Kochhar Kanika, Priesand Sari, Yosef Matheos, Schmidt Brian M
Department of Internal Medicine, University of Michigan Medical School, 24 Frank Lloyd Wright Drive, Ann Arbor, MI 48106, United States.
Department of Internal Medicine, University of Michigan Medical School, 24 Frank Lloyd Wright Drive, Ann Arbor, MI 48106, United States.
J Foot Ankle Surg. 2025 May-Jun;64(3):238-242. doi: 10.1053/j.jfas.2024.10.012. Epub 2024 Oct 30.
Diabetic foot ulcer re-ulceration is a common complication following partial forefoot amputation. Re-ulceration refers to the occurrence of a skin break that penetrates through the epidermis and a portion of the dermis, occurring at any site on either the same or opposite foot where amputation took place. Treatment for diabetic foot ulcers often includes an extended course of local wound care and may entail surgical procedures. The aim of this study was to evaluate the incidence of re-ulceration in people who underwent a partial forefoot amputation. We hypothesized there is an association between amputation type and occurrence of re-ulceration. A retrospective chart review was performed for 253 individuals between December 2015 and September 2020. One hundred eleven people met eligibility criteria and were divided into two cohorts: those who re-ulcerated and those who did not. Univariable analysis was performed for available demographic, clinical, laboratory and outcome data. Seventy-nine of the 111 (71.2 %) subjects re-ulcerated status post partial forefoot amputation. Based on the Infectious Disease Society of America (IDSA) classification for assessment of infection, the average severity for the re-ulceration group was 2.62, while for the no re-ulceration group was 2.22 (p < 0.001). The median time to re-ulceration was 186 days. No association was demonstrated between amputation location and incidence of re-ulceration. Patients with higher diabetic foot infection severity based on IDSA classification are at greater risk for developing re-ulceration following a partial forefoot amputation.

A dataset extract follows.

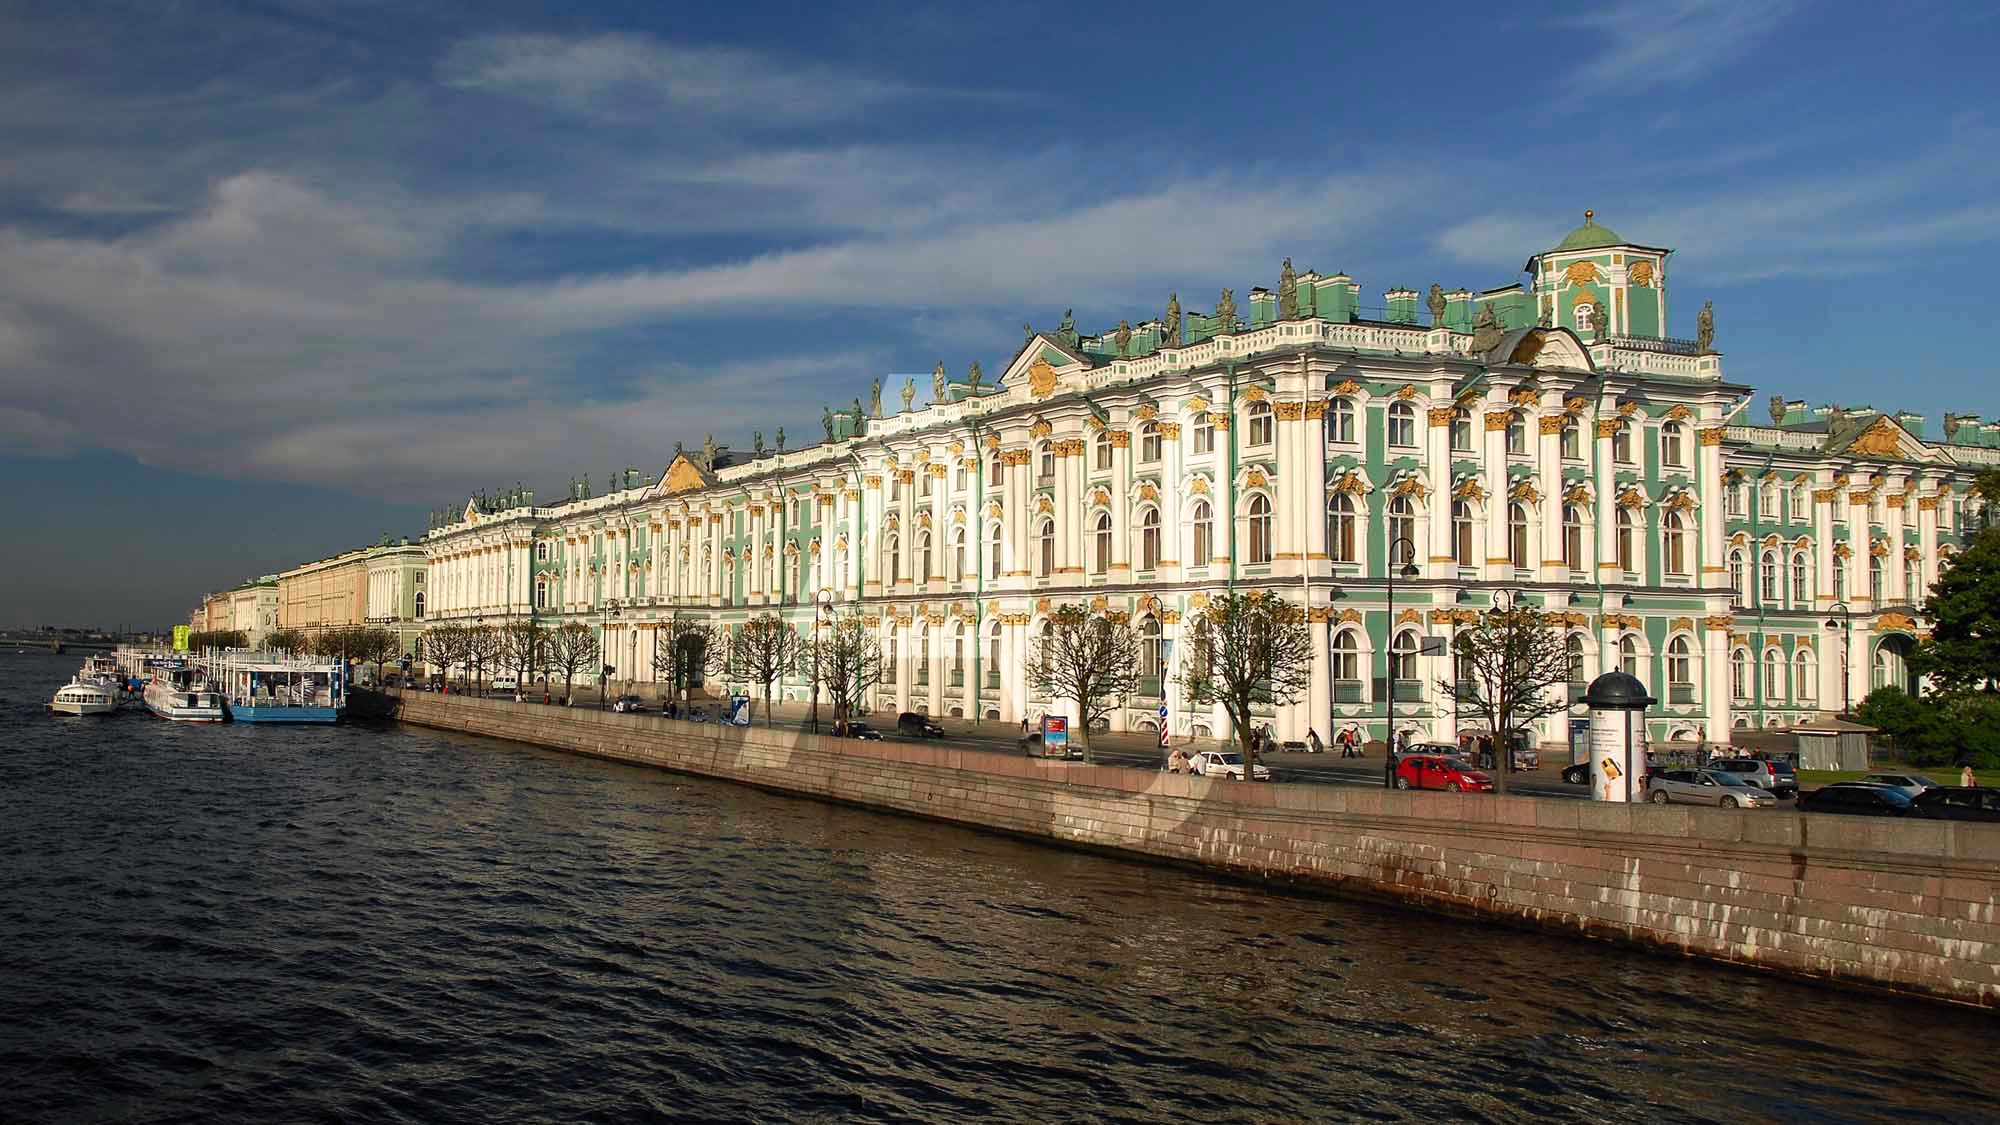 <i>Eremitage, Sankt Petersburg (Russia)<i>

糖尿病足溃疡再溃疡是部分前足截肢后常见的并发症。再溃疡是指在截肢部位同侧或对侧的任何部位出现穿透表皮和部分真皮的皮肤破损。糖尿病足溃疡的治疗通常包括延长局部伤口护理疗程,可能还需要进行外科手术。本研究的目的是评估接受部分前足截肢的患者再溃疡的发生率。我们假设截肢类型与再溃疡的发生之间存在关联。对2015年12月至2020年9月期间的253例患者进行了回顾性病历审查。111人符合纳入标准,分为两个队列:发生再溃疡的患者和未发生再溃疡的患者。对可用的人口统计学、临床、实验室和结局数据进行了单变量分析。111例(71.2%)患者在部分前足截肢后发生再溃疡。根据美国传染病学会(IDSA)的感染评估分类,再溃疡组的平均严重程度为2.62,而未发生再溃疡组为2.22(p<0.001)。再溃疡的中位时间为186天。截肢部位与再溃疡发生率之间未显示出关联。根据IDSA分类,糖尿病足感染严重程度较高的患者在部分前足截肢后发生再溃疡的风险更高。